BEGIN Records shown
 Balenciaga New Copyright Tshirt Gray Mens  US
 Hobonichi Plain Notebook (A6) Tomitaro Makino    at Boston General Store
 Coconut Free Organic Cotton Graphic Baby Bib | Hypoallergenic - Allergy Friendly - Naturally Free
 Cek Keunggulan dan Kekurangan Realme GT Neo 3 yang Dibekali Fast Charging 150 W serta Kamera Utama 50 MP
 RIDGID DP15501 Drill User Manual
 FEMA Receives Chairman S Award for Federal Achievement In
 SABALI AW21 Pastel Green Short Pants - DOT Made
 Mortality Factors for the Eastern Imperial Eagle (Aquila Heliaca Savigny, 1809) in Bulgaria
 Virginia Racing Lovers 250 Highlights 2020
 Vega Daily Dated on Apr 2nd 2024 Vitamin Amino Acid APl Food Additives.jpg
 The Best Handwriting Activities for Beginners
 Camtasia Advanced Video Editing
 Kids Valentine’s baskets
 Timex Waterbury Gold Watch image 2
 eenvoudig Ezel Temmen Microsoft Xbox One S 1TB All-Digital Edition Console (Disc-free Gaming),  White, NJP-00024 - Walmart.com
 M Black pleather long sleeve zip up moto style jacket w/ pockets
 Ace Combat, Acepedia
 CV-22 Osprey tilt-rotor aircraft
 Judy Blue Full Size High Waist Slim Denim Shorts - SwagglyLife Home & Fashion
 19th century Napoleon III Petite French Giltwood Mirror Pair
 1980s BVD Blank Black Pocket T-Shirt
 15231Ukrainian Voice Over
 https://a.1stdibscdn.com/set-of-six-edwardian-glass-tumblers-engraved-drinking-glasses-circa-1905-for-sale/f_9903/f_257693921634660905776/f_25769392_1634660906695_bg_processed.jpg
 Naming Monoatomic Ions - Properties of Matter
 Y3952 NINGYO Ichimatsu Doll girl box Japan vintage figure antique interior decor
END Records shown
▸ Task statement: Each entry above has to be transcribed exactly as it appears.

▸ Solution for this problem:
 Balenciaga New Copyright Tshirt Gray Mens  US
 Hobonichi Plain Notebook (A6) Tomitaro Makino    at Boston General Store
 Coconut Free Organic Cotton Graphic Baby Bib | Hypoallergenic - Allergy Friendly - Naturally Free
 Cek Keunggulan dan Kekurangan Realme GT Neo 3 yang Dibekali Fast Charging 150 W serta Kamera Utama 50 MP
 RIDGID DP15501 Drill User Manual
 FEMA Receives Chairman S Award for Federal Achievement In
 SABALI AW21 Pastel Green Short Pants - DOT Made
 Mortality Factors for the Eastern Imperial Eagle (Aquila Heliaca Savigny, 1809) in Bulgaria
 Virginia Racing Lovers 250 Highlights 2020
 Vega Daily Dated on Apr 2nd 2024 Vitamin Amino Acid APl Food Additives.jpg
 The Best Handwriting Activities for Beginners
 Camtasia Advanced Video Editing
 Kids Valentine’s baskets
 Timex Waterbury Gold Watch image 2
 eenvoudig Ezel Temmen Microsoft Xbox One S 1TB All-Digital Edition Console (Disc-free Gaming),  White, NJP-00024 - Walmart.com
 M Black pleather long sleeve zip up moto style jacket w/ pockets
 Ace Combat, Acepedia
 CV-22 Osprey tilt-rotor aircraft
 Judy Blue Full Size High Waist Slim Denim Shorts - SwagglyLife Home & Fashion
 19th century Napoleon III Petite French Giltwood Mirror Pair
 1980s BVD Blank Black Pocket T-Shirt
 15231Ukrainian Voice Over
 https://a.1stdibscdn.com/set-of-six-edwardian-glass-tumblers-engraved-drinking-glasses-circa-1905-for-sale/f_9903/f_257693921634660905776/f_25769392_1634660906695_bg_processed.jpg
 Naming Monoatomic Ions - Properties of Matter
 Y3952 NINGYO Ichimatsu Doll girl box Japan vintage figure antique interior decor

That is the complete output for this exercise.